Après avoir été désinfectées, les plaies ont souvent besoin d'être protégées. C'est le rôle des pansements prédécoupés qui ont compté 3,3 millions de boîtes vendues pour 15,8 millions d'euros (source IQVIA Pharmastat). En progression de 4,2 % en valeur et 2,1 % en volume, ce segment abrite des gammes de pansements classiques bien connues signées Urgo Healthcare, Eucerin, 3M Santé, Évolupharm, Brothier, Lohmann & Rauscher (...), mais aussi Paul Hartmann, qui souligne le dynamisme de ce segment de marché : « L'évolution des attitudes de santé (automédication, déserts médicaux) conduit une partie croissante des patients souffrant de petites plaies à s'adresser à l'officine », explique Margaux Besch, chef de marché chez Paul Hartmann.

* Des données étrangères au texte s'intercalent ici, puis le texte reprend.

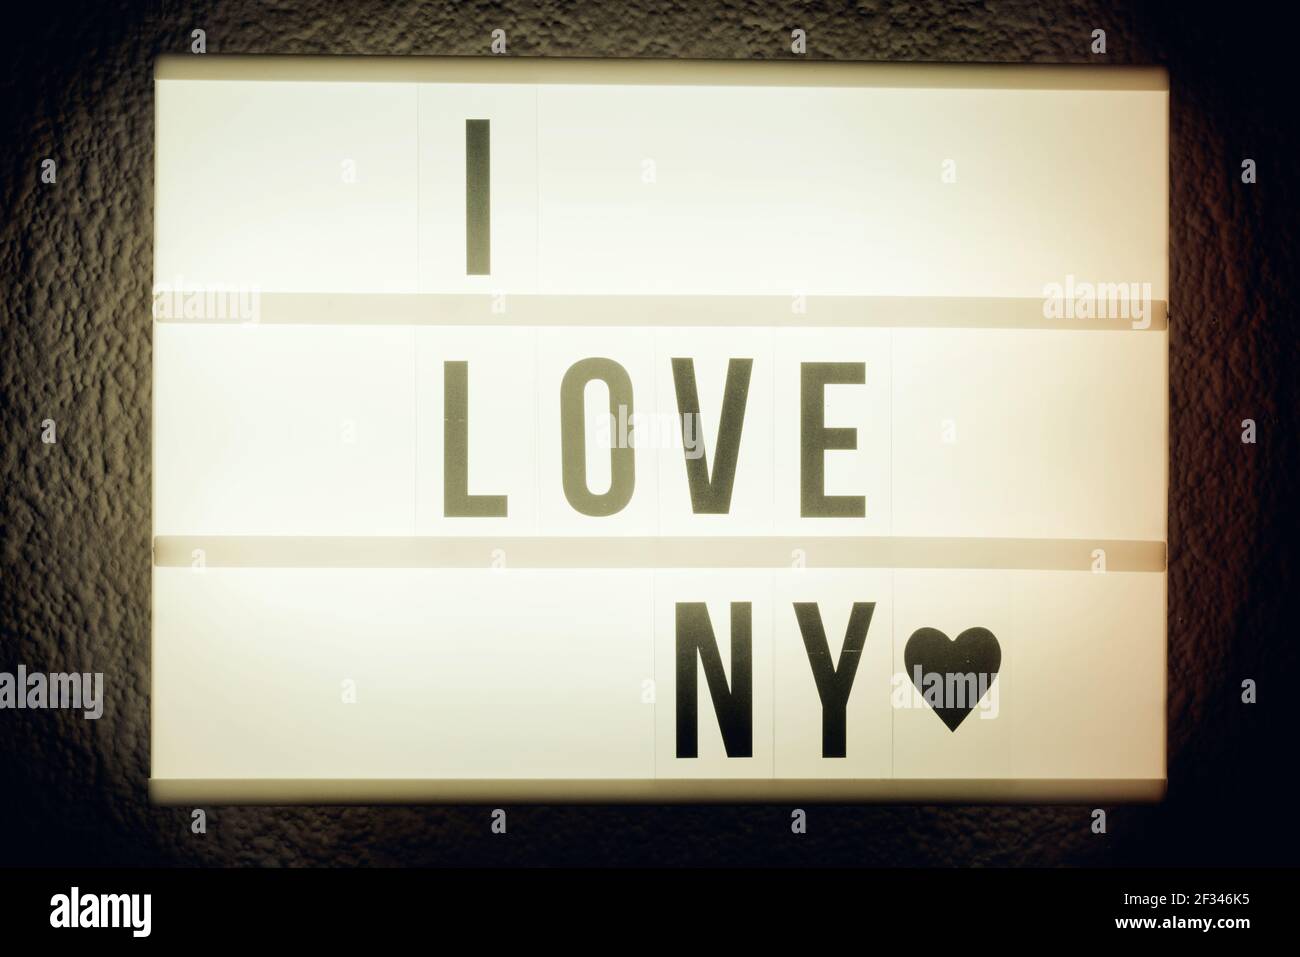 An I Love New York illuminated sign Stock Photo
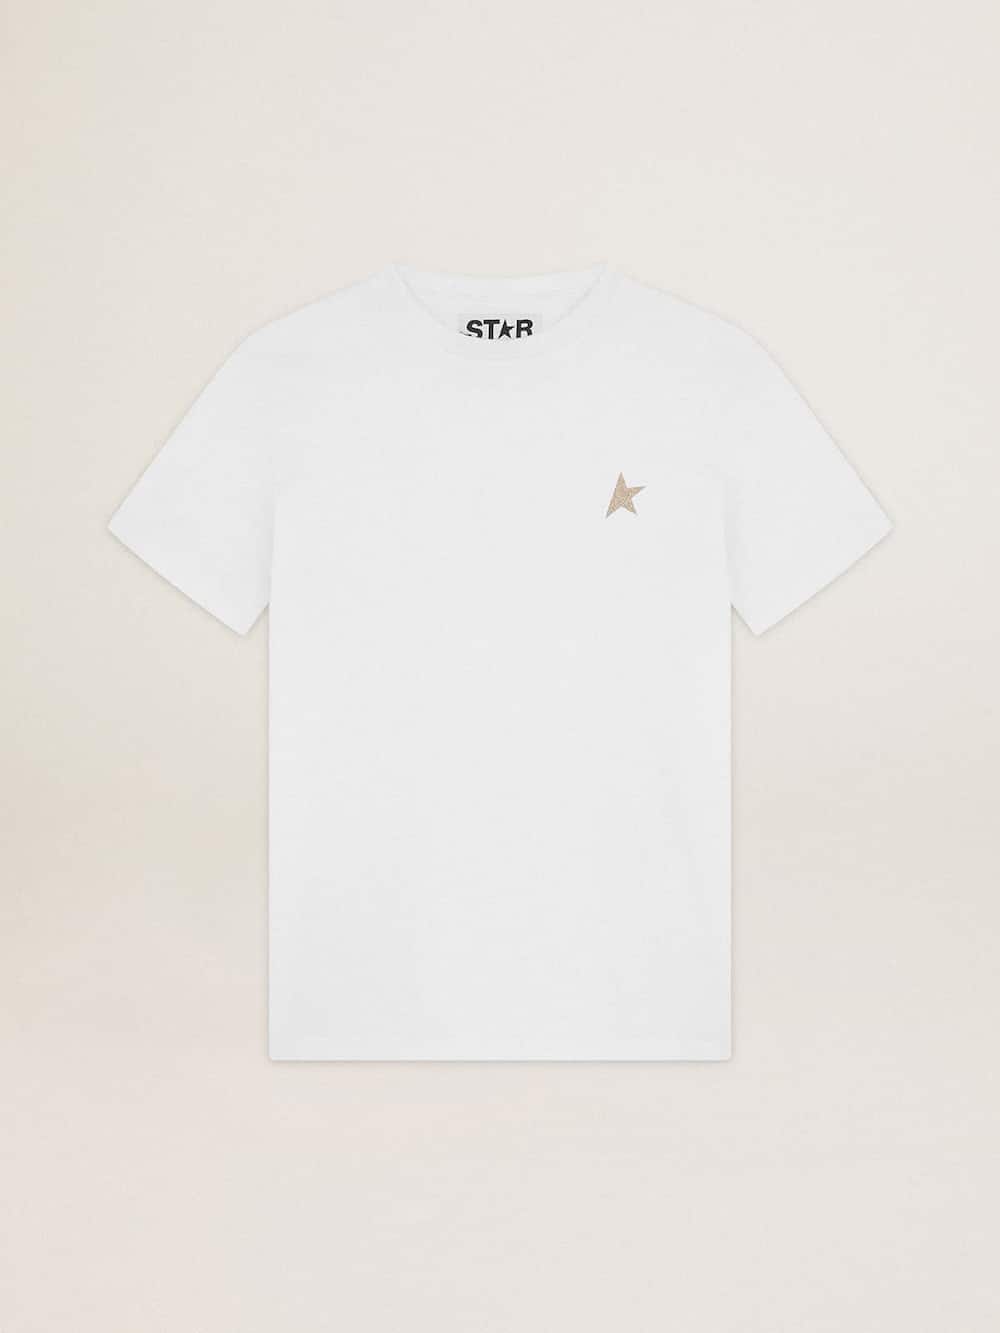 Golden Goose - T-shirt bianca Collezione Star con stella in glitter dorati sul davanti in

De nombreux petits actes de soin qui relevaient autrefois d'un professionnel de santé peuvent désormais être effectués par le patient car l'offre en pansements classiques a gagné en technicité. « On voit émerger des dispositifs à base de silicone ou d'hydrogel pour accélérer la cicatrisation, des strips pour refermer les plaies, des pansements stériles. Ces produits d'expertise ont été retravaillés pour être proposés au grand public dans des formats économiques et des prix adaptés. » Outre la protection des petites plaies (Dermaplast), la gamme libre accès de Paul Hartmann se destine, notamment, au traitement des ampoules, brûlures, coupures (Omnistrip) et à la protection des plaies à risque d'infection (Cosmopor).

Axée sur les premiers soins, la gamme Nexcare (3M Santé) vise également à répondre aux petites blessures du quotidien grâce à des supports aux propriétés multiples, résistants, flexibles, protecteurs anti UV, respirants, à l'œuvre dans ses pansements (Flexible Foam, Ultra Stretch, Waterproof, Strong Hold, Blood Stop, Skin Crack Care…). Son dernier lancement, Nexcare Duo est équipé d'une bande adhésive en silicone pour un retrait en douceur et non irritant.